* WHAT NEEDS TO BE DONE
The output must consist only of the lines from the one with "Elf on the Shelf" through the end of the listing, restated exactly and free of pictures.

* DATA EXTRACT
□ □ □

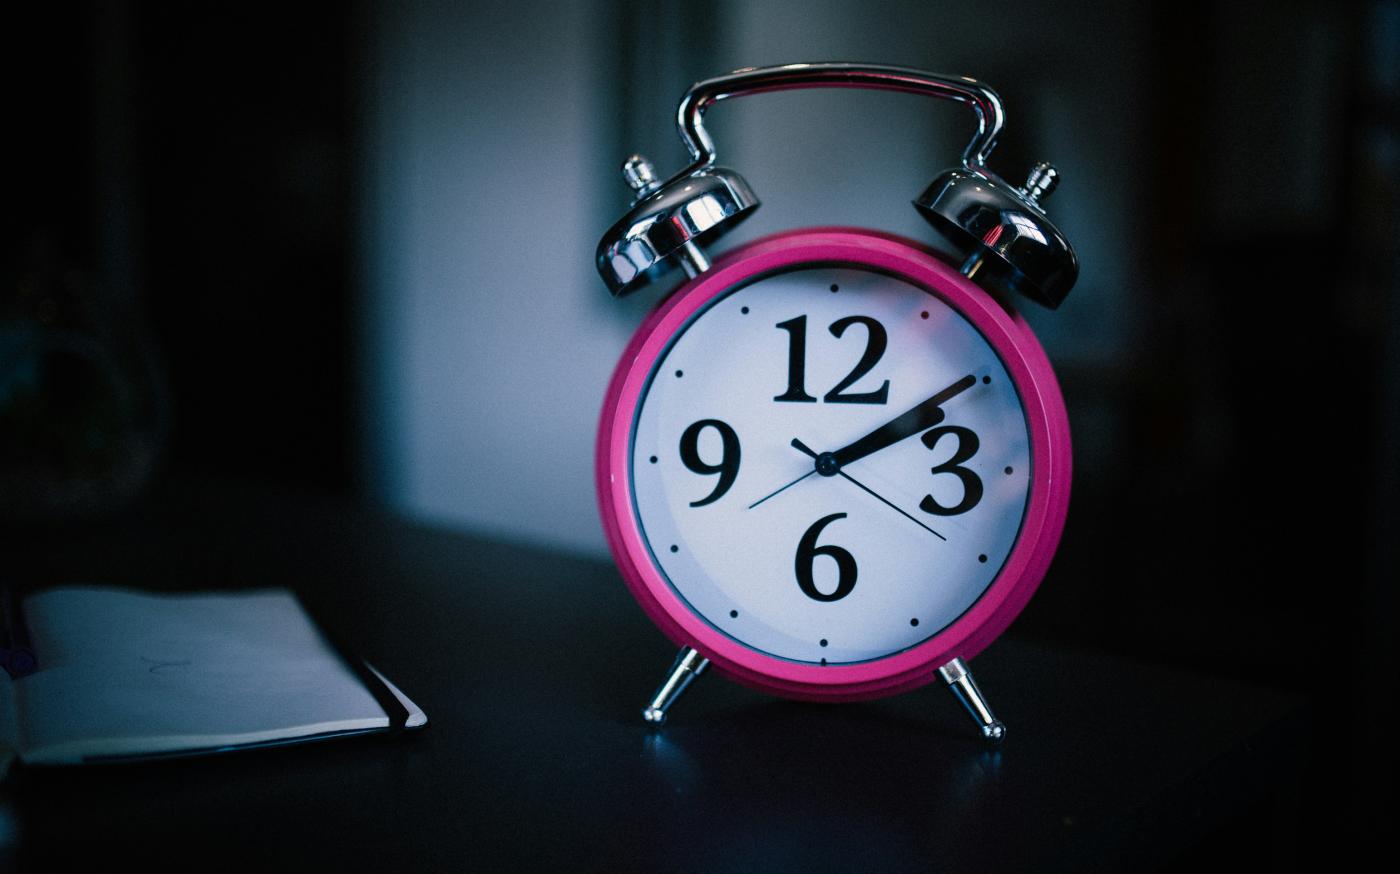 pink bell alarm clock showing 2:10 by Mpho Mojapelo courtesy of Unsplash.
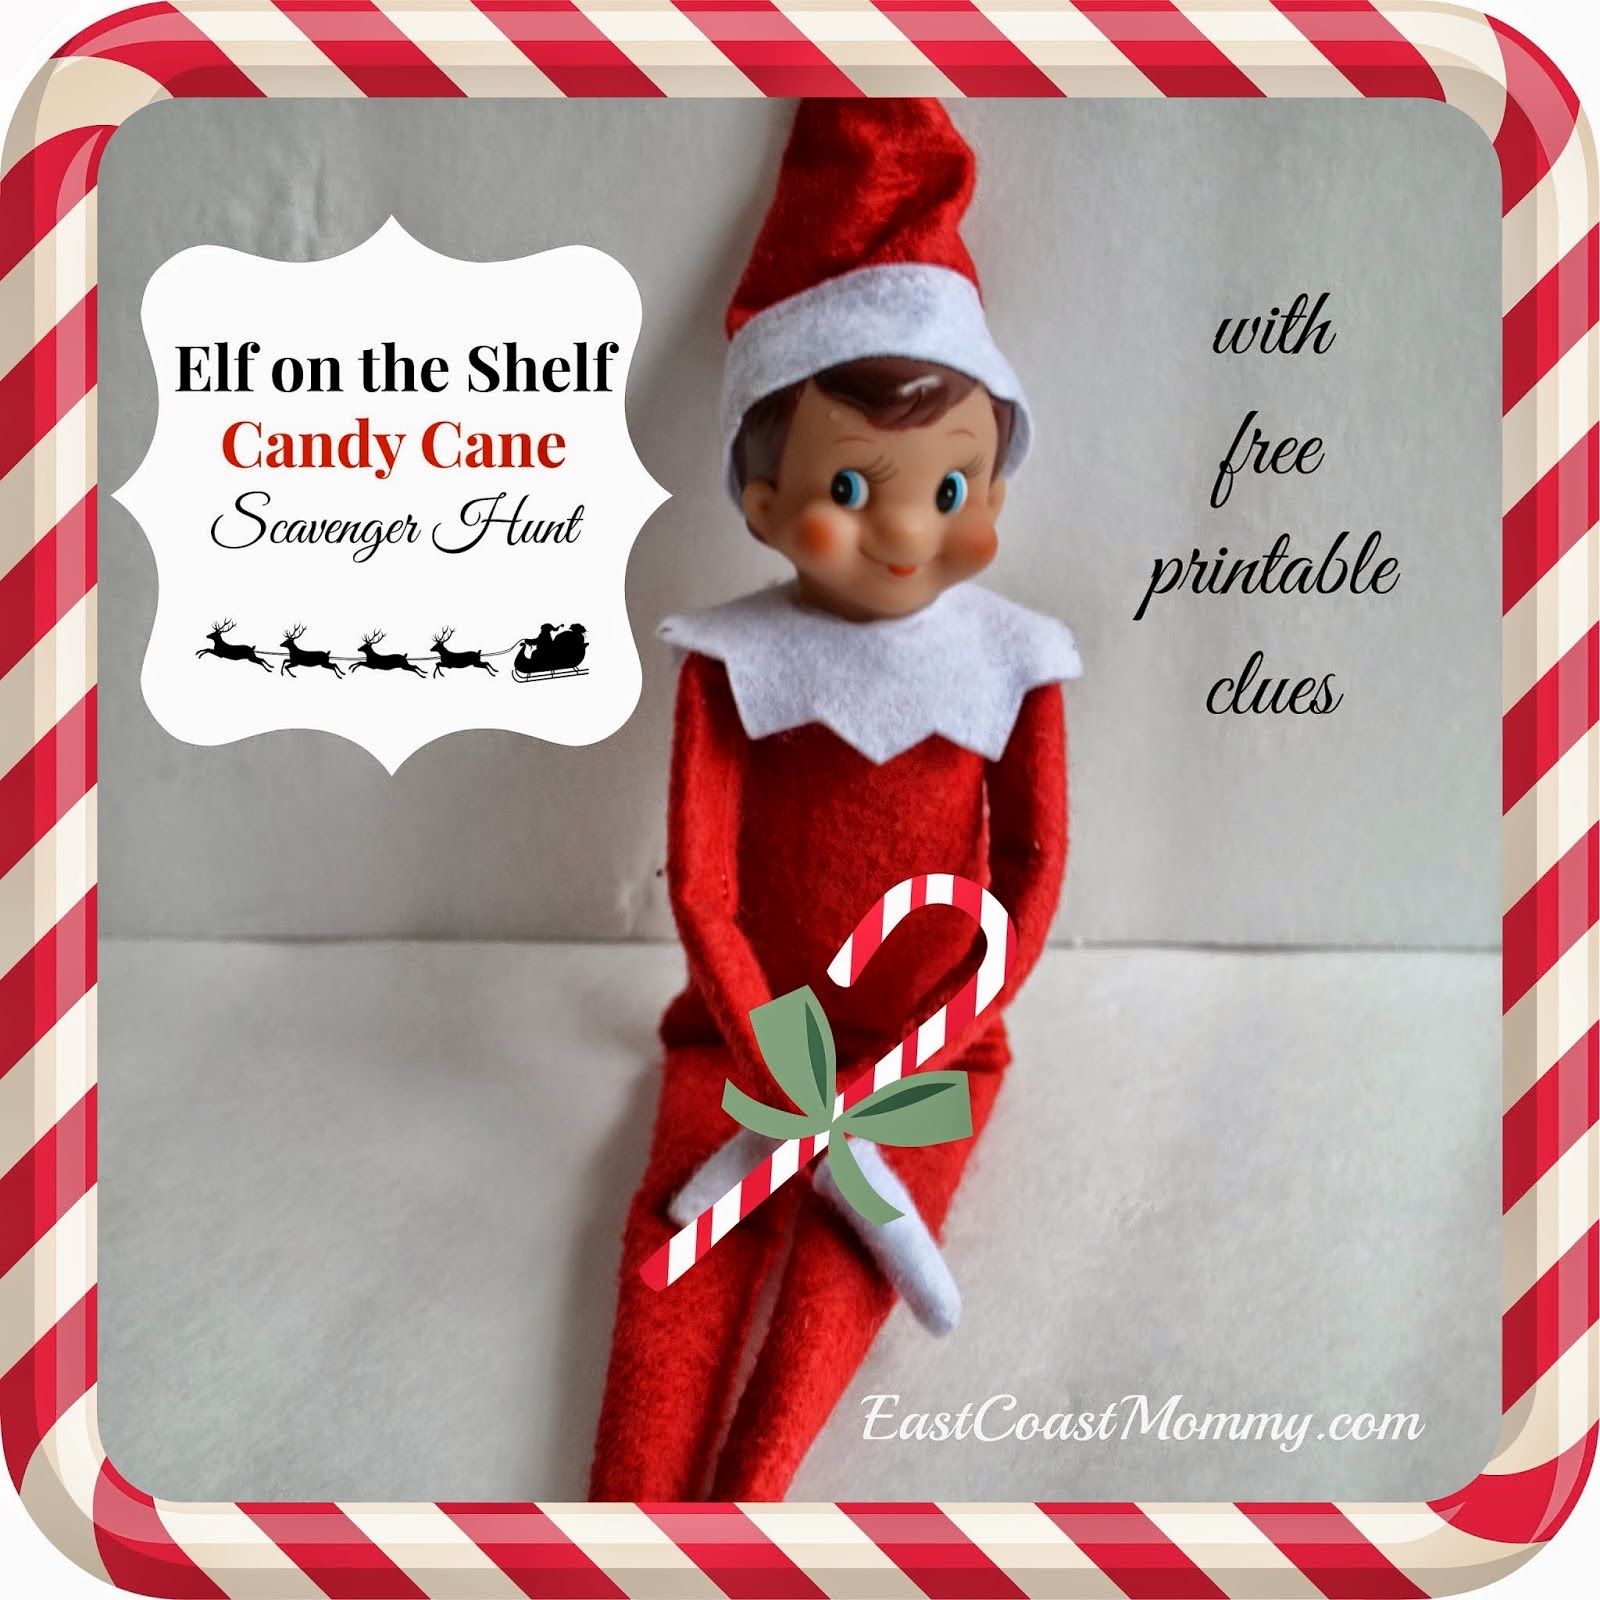 Elf on the Shelf makes a sugary shopping list. 
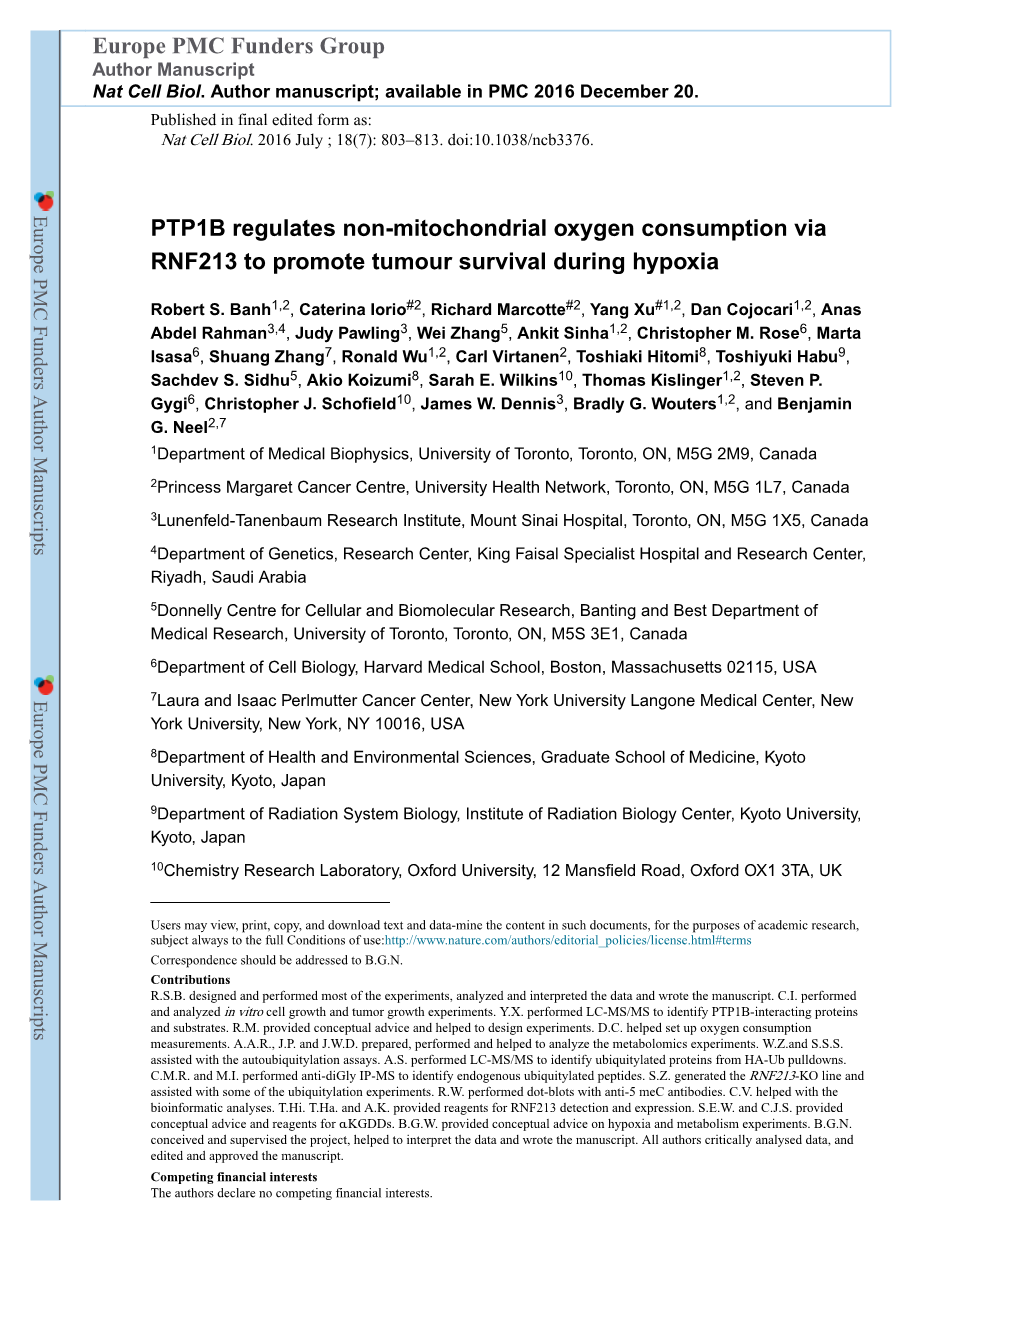 PTP1B Regulates Non-Mitochondrial Oxygen Consumption Via RNF213 to Promote Tumour Survival During Hypoxia

□ □ □

* RESPONSE BOX
 Elf on the Shelf makes a sugary shopping list. 
 PTP1B Regulates Non-Mitochondrial Oxygen Consumption Via RNF213 to Promote Tumour Survival During Hypoxia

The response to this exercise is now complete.